Gibbons Francis D, Roth Frederick P
Department of Biological Chemistry and Molecular Pharmacology, Harvard Medical School, Boston, Massachusetts 02115, USA.
Genome Res. 2002 Oct;12(10):1574-81. doi: 10.1101/gr.397002.
We compare several commonly used expression-based gene clustering algorithms using a figure of merit based on the mutual information between cluster membership and known gene attributes. By studying various publicly available expression data sets we conclude that enrichment of clusters for biological function is, in general, highest at rather low cluster numbers. As a measure of dissimilarity between the expression patterns of two genes, no method outperforms Euclidean distance for ratio-based measurements, or Pearson distance for non-ratio-based measurements at the optimal choice of cluster number. We show the self-organized-map approach to be best for both measurement types at higher numbers of clusters.

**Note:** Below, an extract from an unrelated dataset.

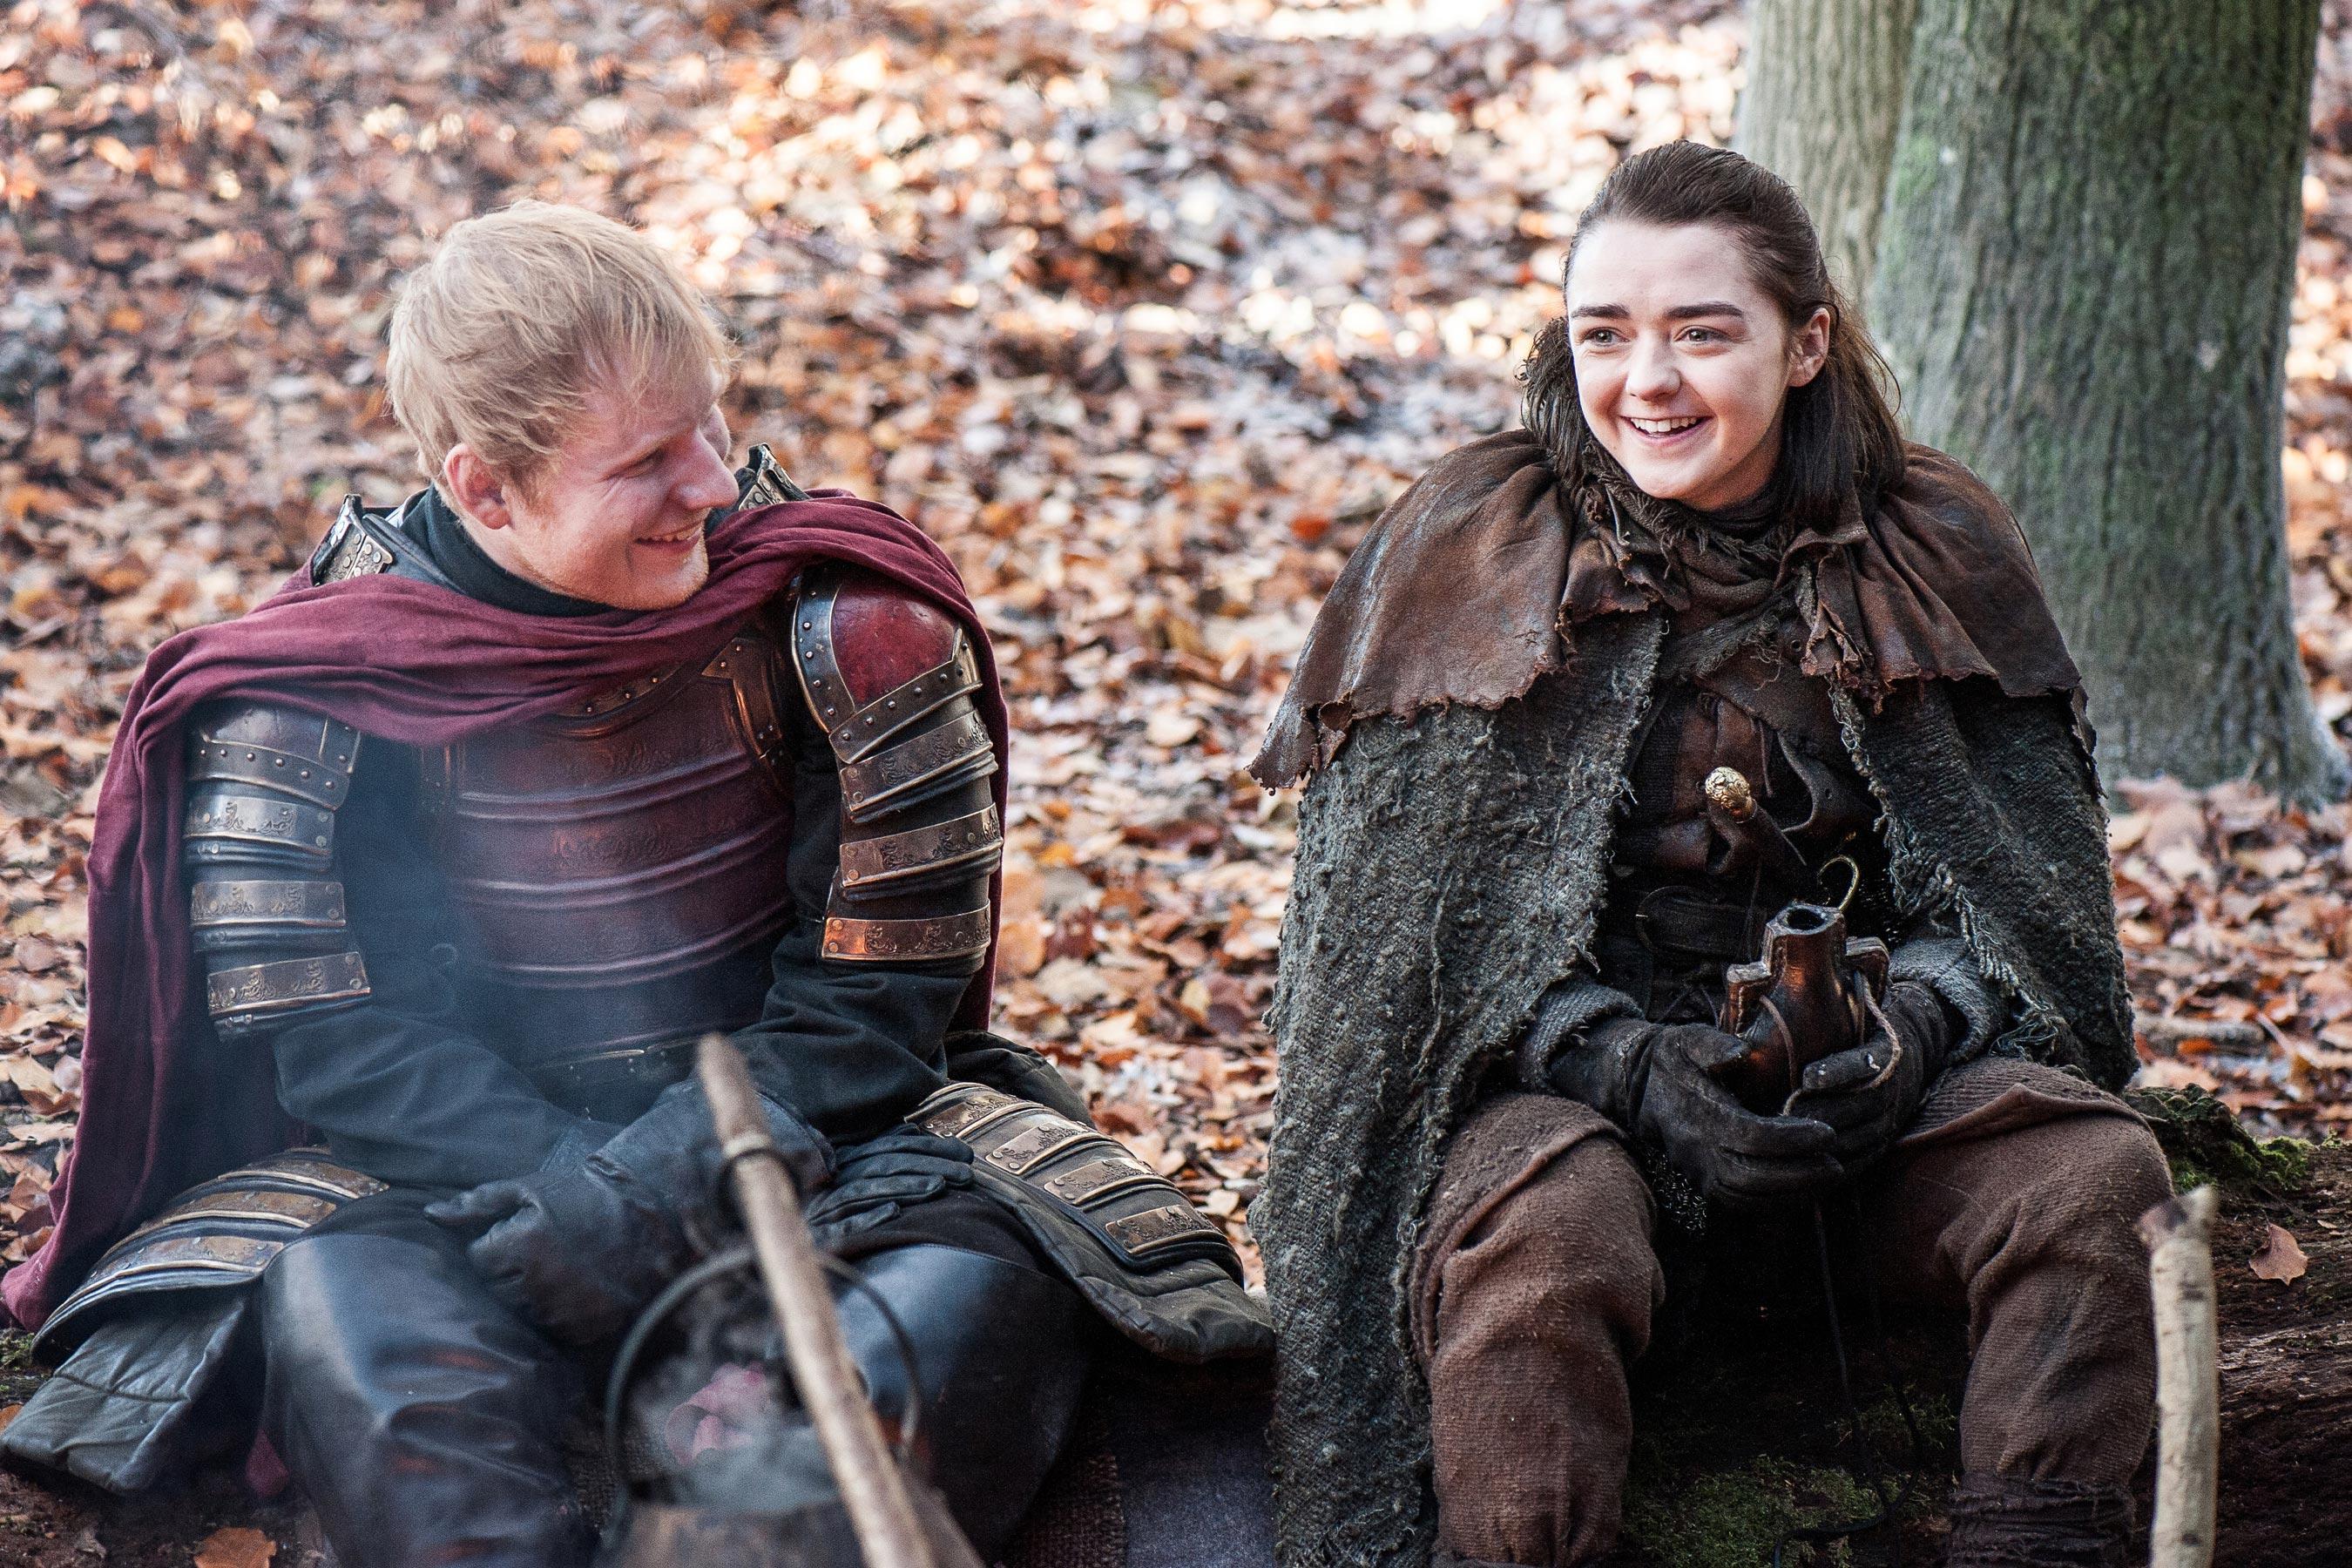 Певец Эд Ширан появился в первом эпизоде седьмого сезона сериала «Игра престолов» — ФОТО
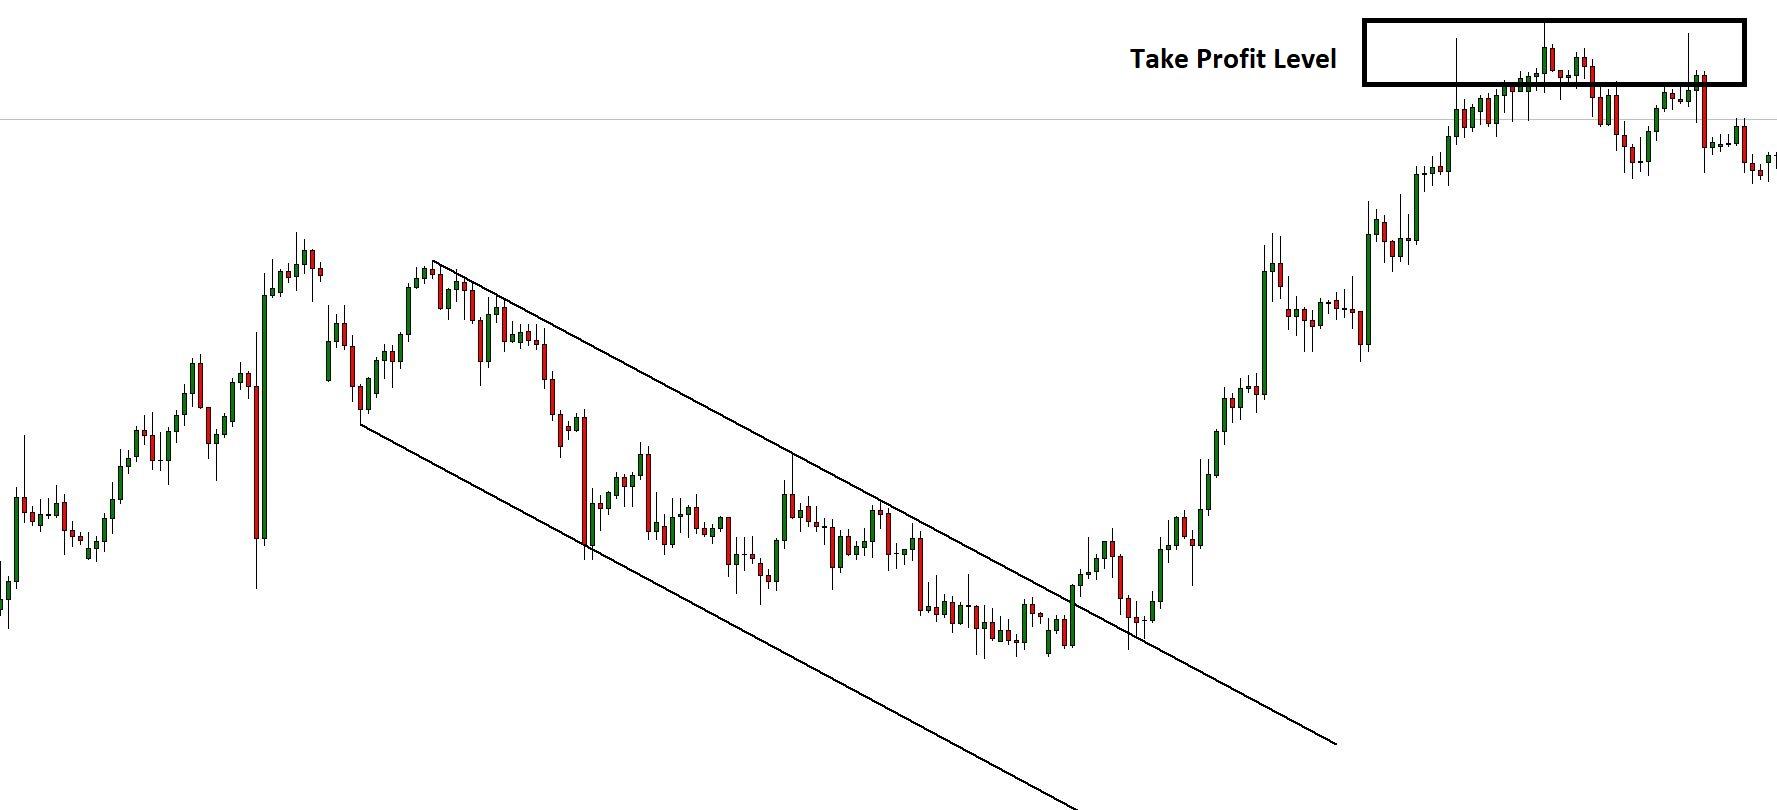 Channel breakout tke profit

Clusters of genes derived from single- and average-linkage hierarchical clustering tend to produce worse-than-random results.
我们使用基于聚类成员与已知基因属性之间互信息的品质因数,比较了几种常用的基于表达的基因聚类算法。通过研究各种公开可用的表达数据集,我们得出结论,一般来说,在聚类数量相当低时,生物学功能聚类的富集程度最高。作为两个基因表达模式之间差异的度量,在聚类数量的最佳选择下,对于基于比率的测量,没有哪种方法比欧几里得距离更优;对于非基于比率的测量,没有哪种方法比皮尔逊距离更优。我们表明,在聚类数量较多时,自组织映射方法对于这两种测量类型都是最佳的。源自单链和平均链层次聚类的基因聚类往往产生比随机结果更差的结果。